Мы нашли нитки, обычную швейную иголку, смазали ее спиртом – и я зашил рану. Сначала пытался магнитом достать осколок, но не получилось, потому что он был слишком глубоко. Понадеялись, что позже вытянем.
Когда пришли оккупанты, мы рассказали им о ранении. У них был дедушка-врач. Он лечил их раненых в подвале стоматологии. Мы отнесли туда дочь. Он распорол мое шитье, но так и не смог достать осколок. Рану не зашил, чтобы выходил гной. Каждый день делал перевязки. Этот дедушка все время говорил, что ему нужно убегать оттуда. И в один день его не стало. Но дочь запомнила название мази, мы нашли ее и сами делали перевязки.

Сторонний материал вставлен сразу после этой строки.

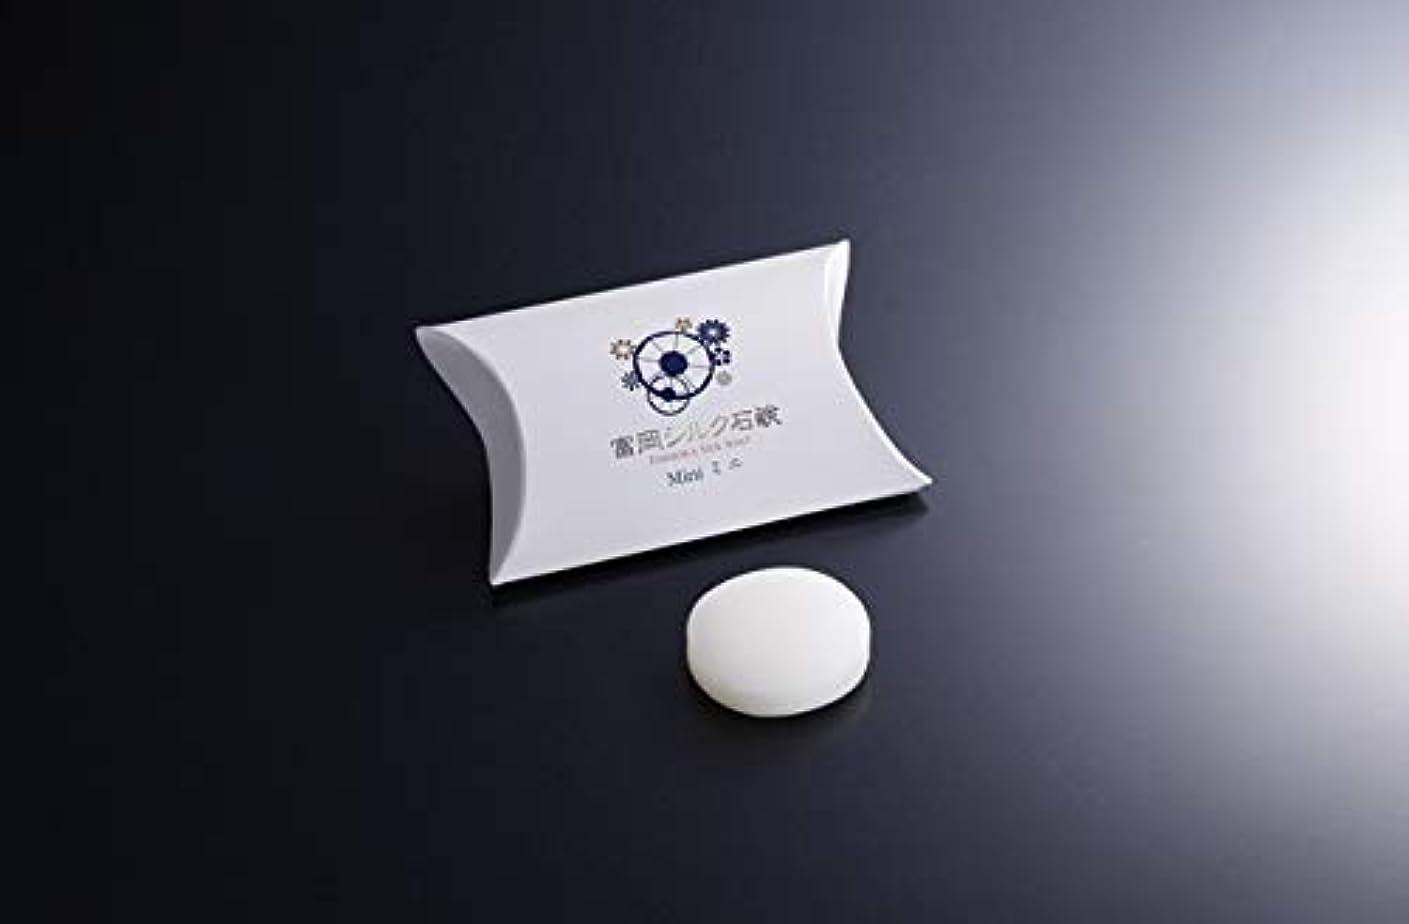 スペースバーベキュー神経障害絹工房 富岡シルク石鹸 ミニサイズ(12?) 3個セット

Мы все время думали, как выбраться из Мариуполя. «Зеленых коридоров» не было, связи тоже. Включили радио, но услышали только российскую дезинформацию. Нам пришлось купить российскую сим-карту. Таким образом мы созвонились с женщиной из Ялты – и за нами приехали. В Ялте мы пробыли двое суток, пока искали возможность выбраться в Бердянск. Это был конец мая. Мы нашли перевозчика. Он забрал нас и еще двух людей в Мелитополе и отвез в Васильевку. Там оккупанты сказали, что не пропустят нас. Главным у них был чеченец. Я объяснил ему, что моя дочь ранена и нуждается в операции. Он сказал, что знает, что такое война: когда был ребенком, сидел с мамой в подвале. Пообещал утром пропустить и сдержал свое слово. Нас проверили, убедились, что у дочери серьезное ранение и отпустили.
Мы доехали до Запорожья, а оттуда направились к сестре в Кропивницкий. Сейчас снимаем маленькую комнатушку. Дочь прооперировали: достали один большой осколок, а два маленьких не смогли. Когда дочке стало лучше, она уехала к подруге в Запорожье, потому что здесь ей скучно. Ее подруга тоже многое пережила в Мариуполе, на заводе Ильича.
Мы надеемся на освобождение Мариуполя. Только этим и живем – даже боимся думать о чем-то другом.